#### SUPPLIED DATA
• • •
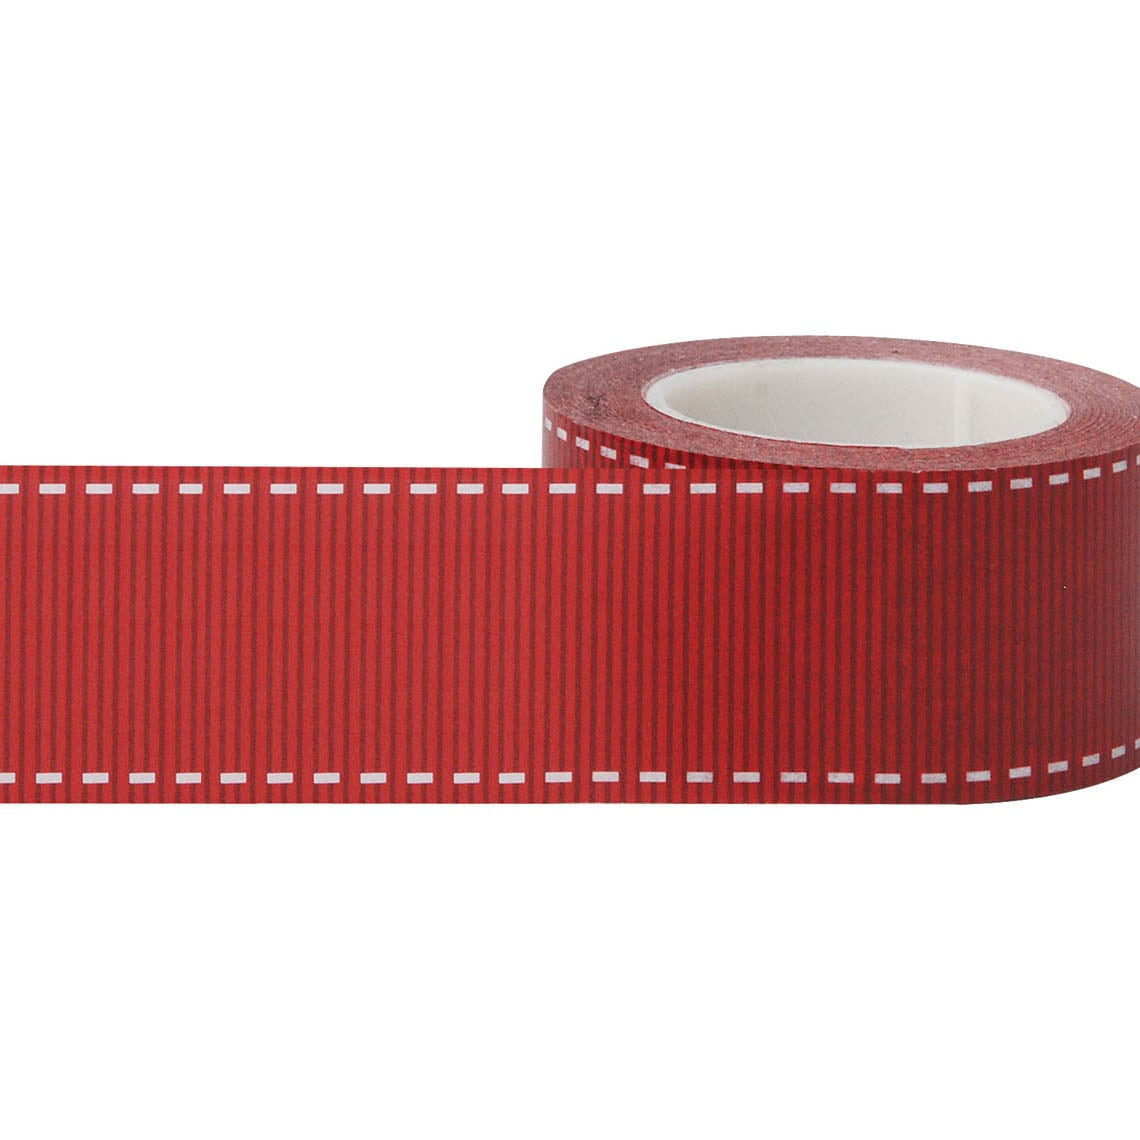 Little B Decorative Paper Tape 25mmx15m wide Red Grosgrain
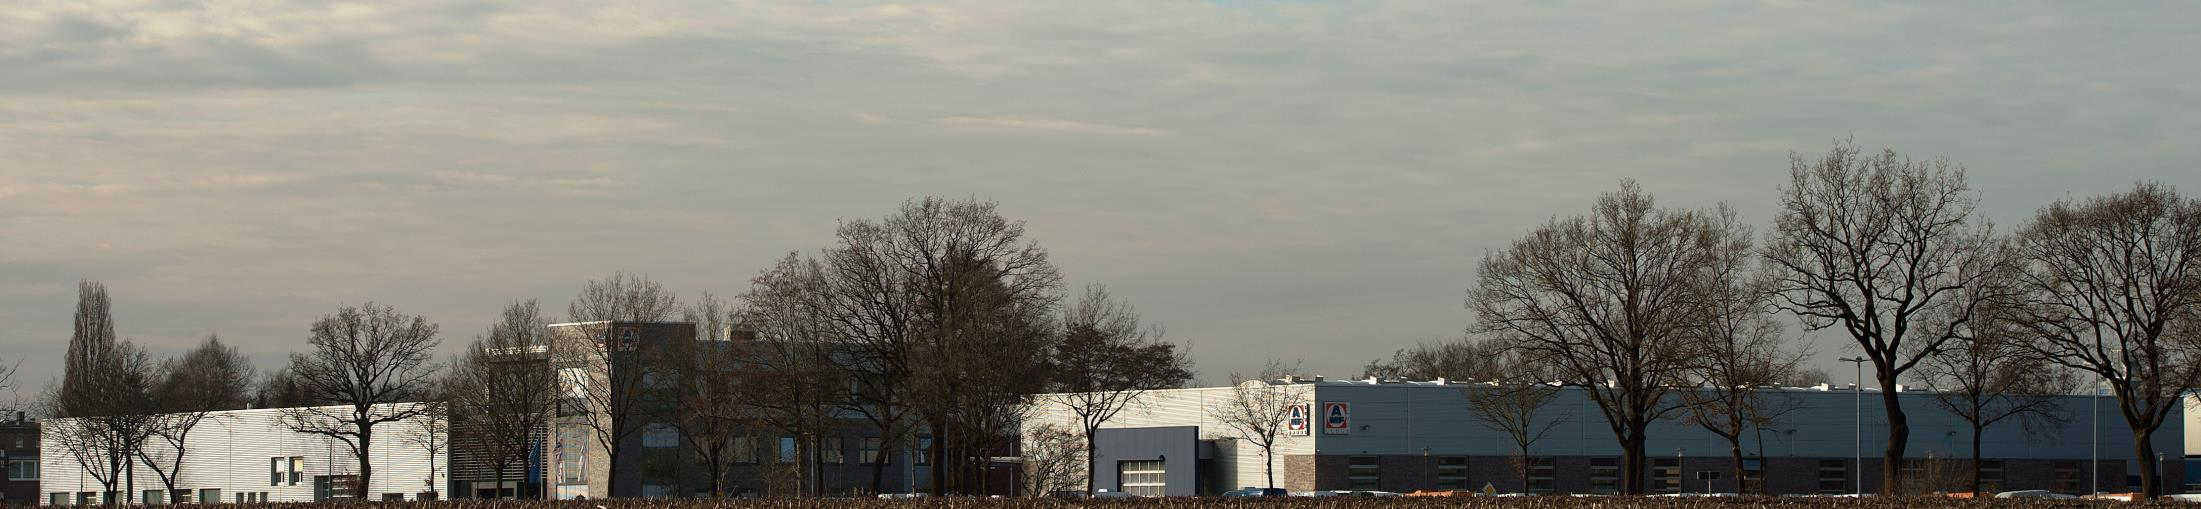 AMF-Bruns GmbH & Co.
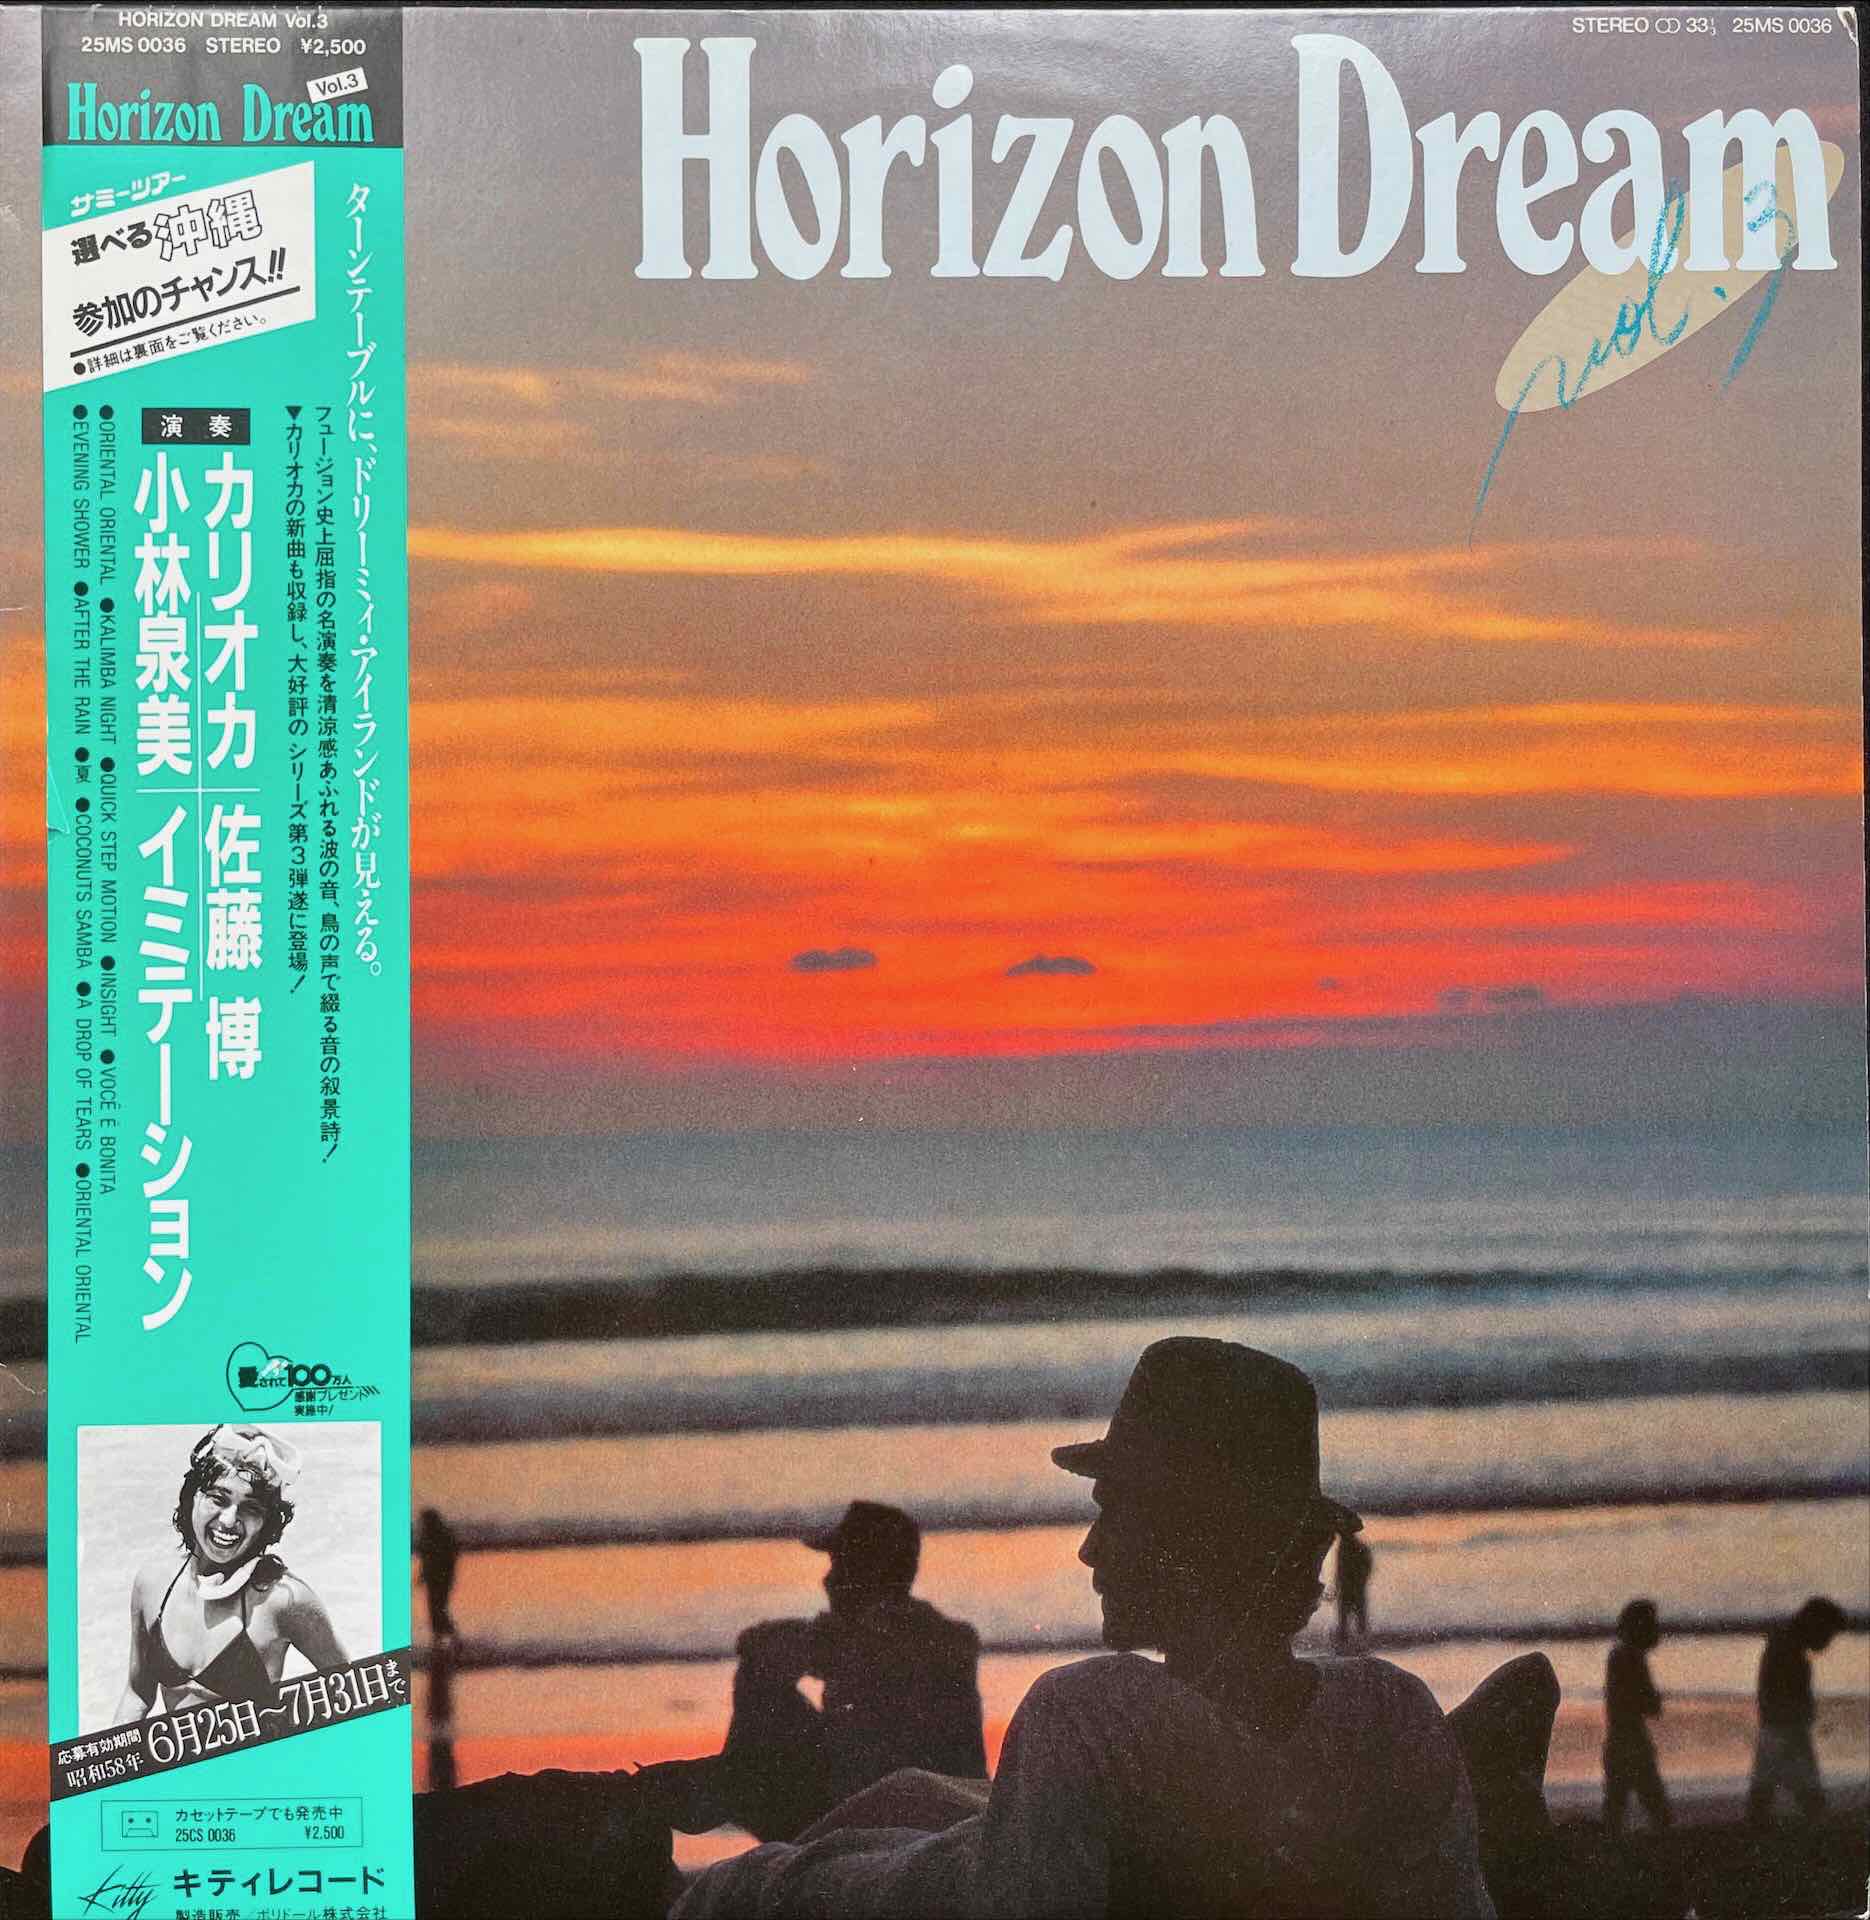 Various – Horizon Dream Vol. 3 LP sleeve image front
• • •
#### PROBLEM STATEMENT
An exact copy of the material above is required, free of any pictures.

#### RESULT
 Little B Decorative Paper Tape 25mmx15m wide Red Grosgrain
 AMF-Bruns GmbH & Co.
 Various – Horizon Dream Vol. 3 LP sleeve image front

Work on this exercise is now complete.